There is general agreement on Verhoeff’s (1918) and Manton’s (1965) view that the T-shaped configuration of the exoskeletal components in Adesmata is due to a lateral shift of the entire tentorial complex. The coincident transformation of the tentorial transverse bar and of the paralabial sclerites has, however, been contentious. Three hypotheses have been discussed thus far:

(i) The original articulation between the tentorium (i.e., its transverse bar) and the cephalic pleurite is maintained in adesmatans but has been transformed into a hinge for the gain of an additional articulation between the tentorium and the labral sidepieces; paralabial sclerites are exceptionally identified in adesmatan species such as Himantarium gabrielis, in which they are no longer articulated to the labral sidepieces but are anteriorly displaced into a ‘non-functional’ position between the cephalic pleurite and the clypeus (Verhoeff 1918).

(ii) The lateral shift of the tentorium correlates with a loss of both the tentorial transverse bar and the paralabial sclerites as a result of loss of any tentorial mobility (Manton 1965).

(iii) The transverse bar (and its articulation with the cephalic pleurite) is maintained in adesmatans, but it extends straight in line with the epipharyngeal bar, such that the original bifurcation point between these two bars (and their distinct identities) is no longer recognizable. Unified in this manner into a single oblique bar, it positionally replaces the paralabial sclerites, which are lost (Koch and Edgecombe 2012). Based on light microscopical studies of whole-mounts, Bonato et al. (2014, their Table S2) followed Verhoeff’s assumption in considering paralabial sclerites as “recognizable in the Adesmata” (coded as present in all sampled adesmatan species), in contrast to Koch and Edgecombe (2012) who could not confirm presence of distinct paralabial sclerites in the position indicated by Verhoeff (1918) in any of the species sampled by them, including Himantarium gabrielis (see Koch and Edgecombe 2012, their Fig. 2G). These contrasting views raise the question whether in whole-mounts paralabial sclerites can reliably be distinguished from parts of the tentorium (L. Bonato, pers. comm.). Since the paralabial sclerites in non-geophilomorphs are also articulated to the cephalic pleurites via a hinge-line (e.g., Manton 1965), the difficulty of unambiguously recognizing paralabial sclerites in adesmatan geophilomorphs may indeed be due to the possibility that

(iv) the paralabial sclerites are fused with the tentorium. Loss of the transverse bar would result in the articulation of the tentorium with the cephalic pleurite via its original articulation with the paralabial sclerites.

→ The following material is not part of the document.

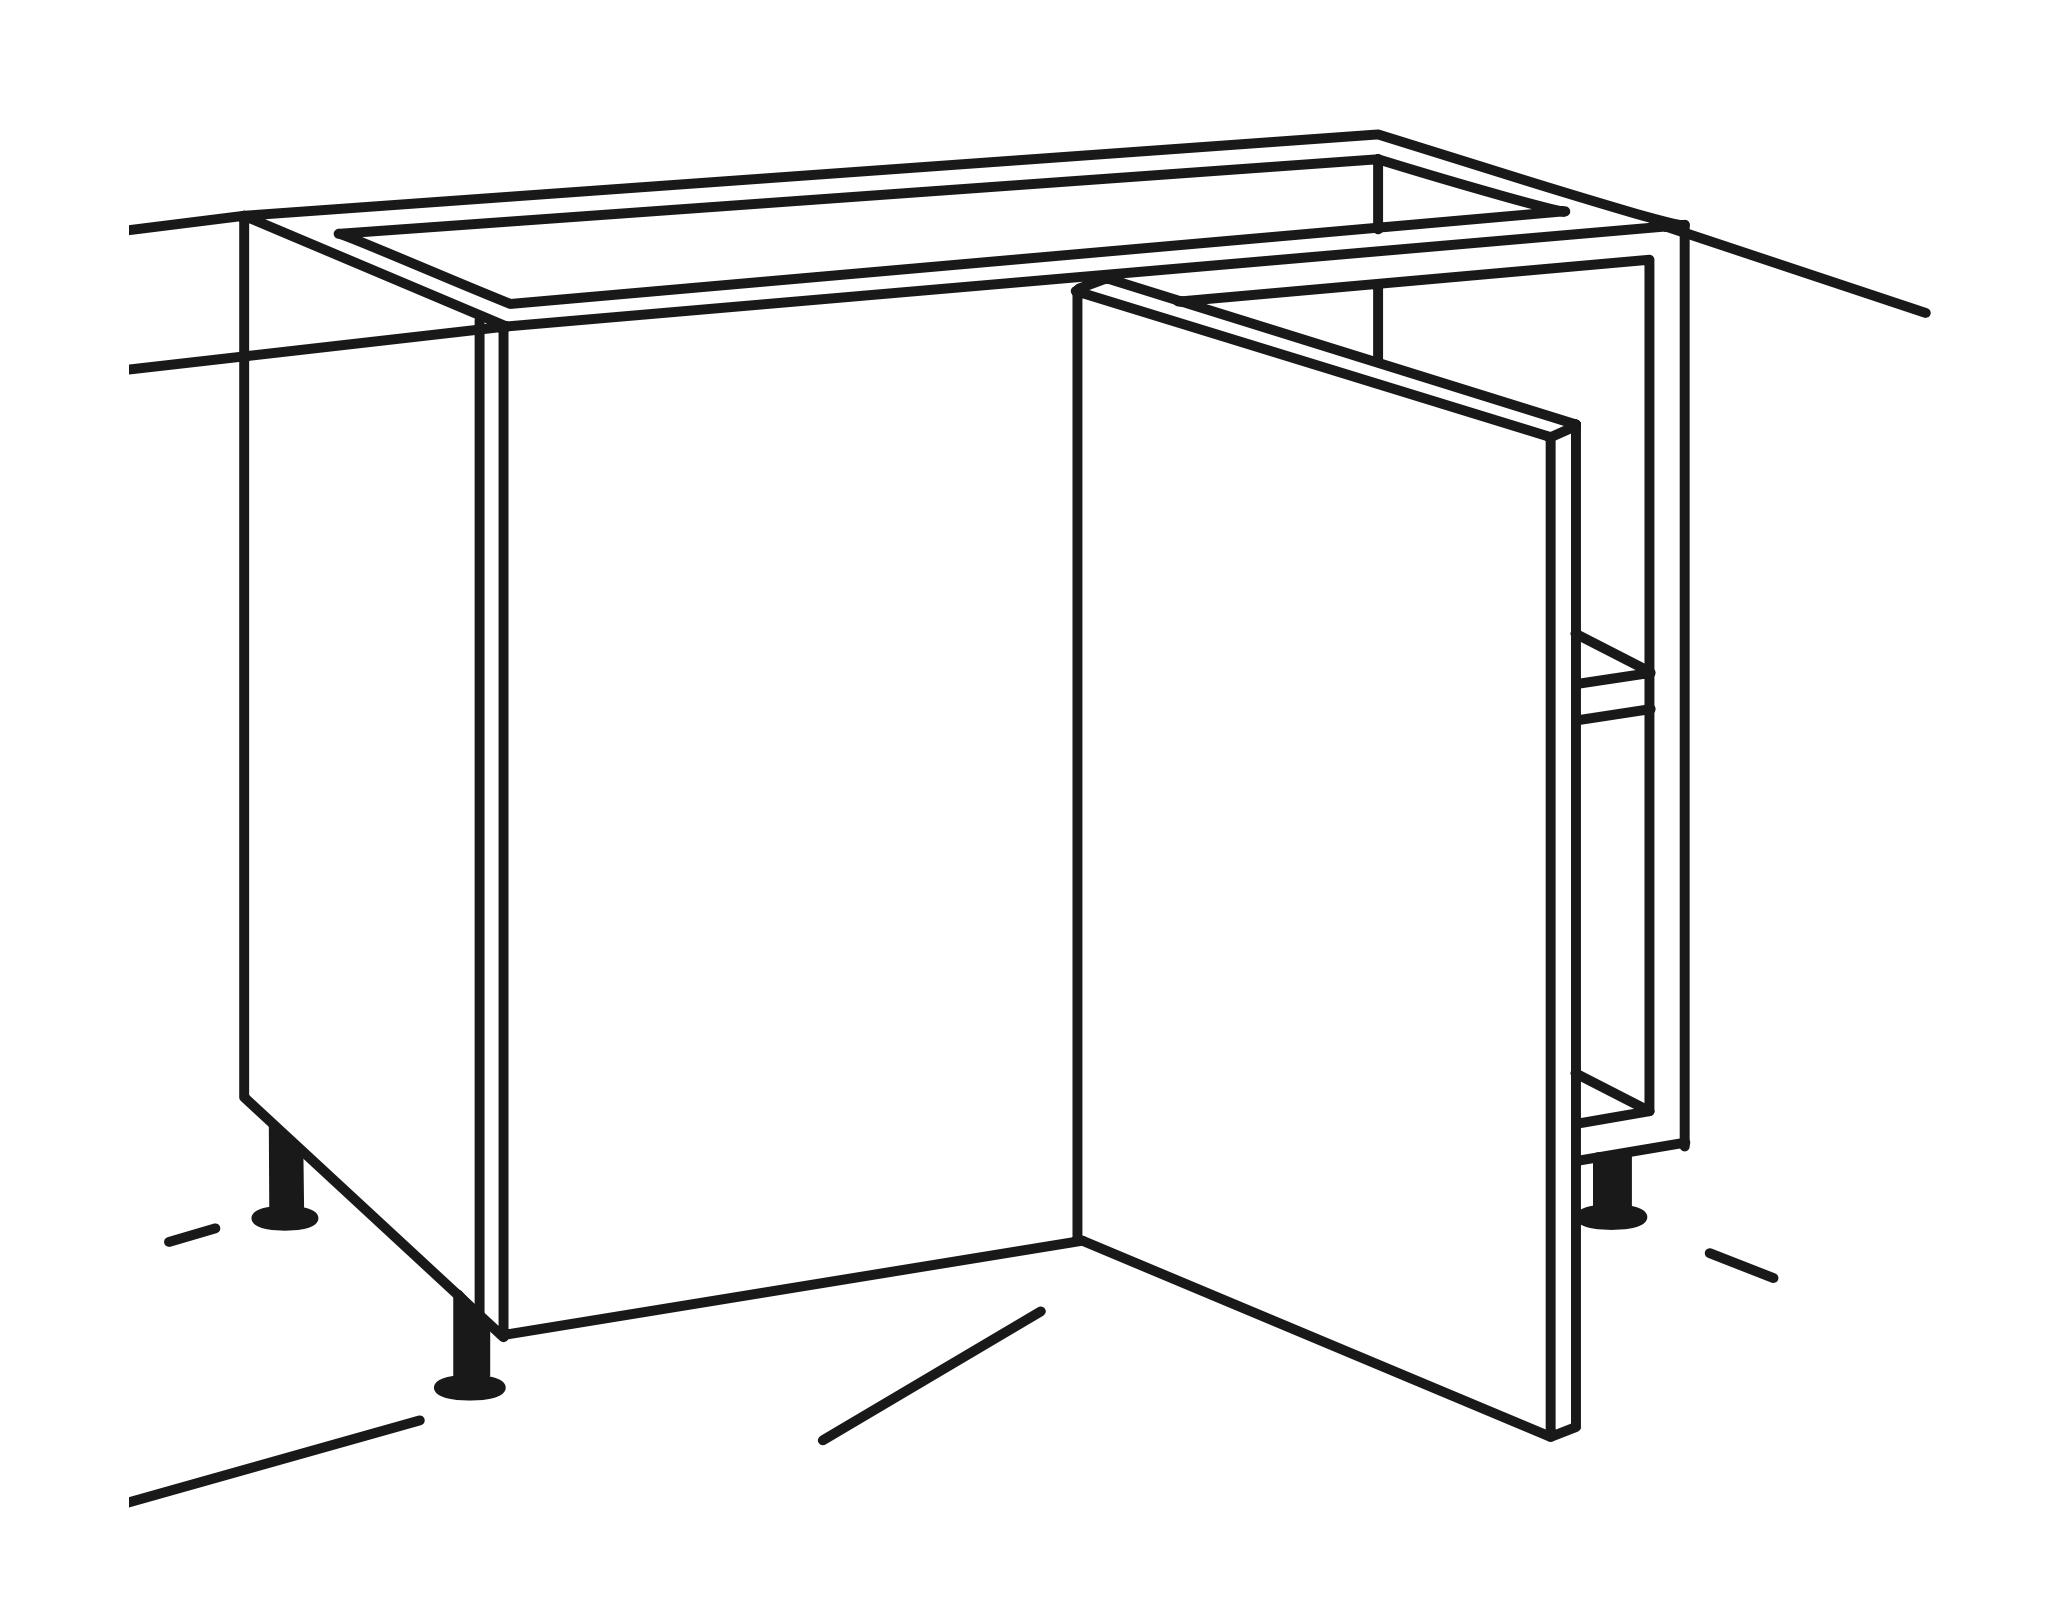 Für Eckunterschrank UEL116-8 | UEL106-7 | UEL116-3D

The cephalic musculature of H. submarina does not unambiguously allow a choice of any of the four hypotheses (i-iv) on the transformation of the tentorium in Adesmata. The original muscular equipment of the transverse bar in Pleurostigmophora is absent in this species, which may support the view that the transverse bar is absent as well. Absence of these muscles, however, remains inconclusive, because they are also absent in D. carniolensis, in which the transverse bar is unambiguously maintained. The tentorial exoskeleton itself in H. submarina still raises doubts that the tentorium is coalesced with the paralabial sclerite. This is because the sclerotized oblique bar passing from the cephalic pleurite towards the labral sidepiece proved to merely represent the sharp lateral margin of the tentorium, its external surface being mostly inclined into the depth of the preoral cavity (see Koch & Edgecombe, their Fig. 1F). If the oblique bar – which we consider to comprise both the former transverse and epipharyngeal bars – were to include the paralabial sclerite, one would expect it to form a broader surface onto the ventral head wall posterior to the clypeal sclerotization (i.e., outside the preoral cavity).

We accordingly propose that geophilomorphs overall lack any marker to unambiguously recognize paralabial sclerites. Our data favour a loss of paralabial sclerites in the geophilomorph stem species as a simpler assumption than assuming different transformations of these sclerites in Placodesmata and Adesmata. This view implies that the transverse bar and its articulation with the cephalic pleurite are (primarily) maintained in Adesmata.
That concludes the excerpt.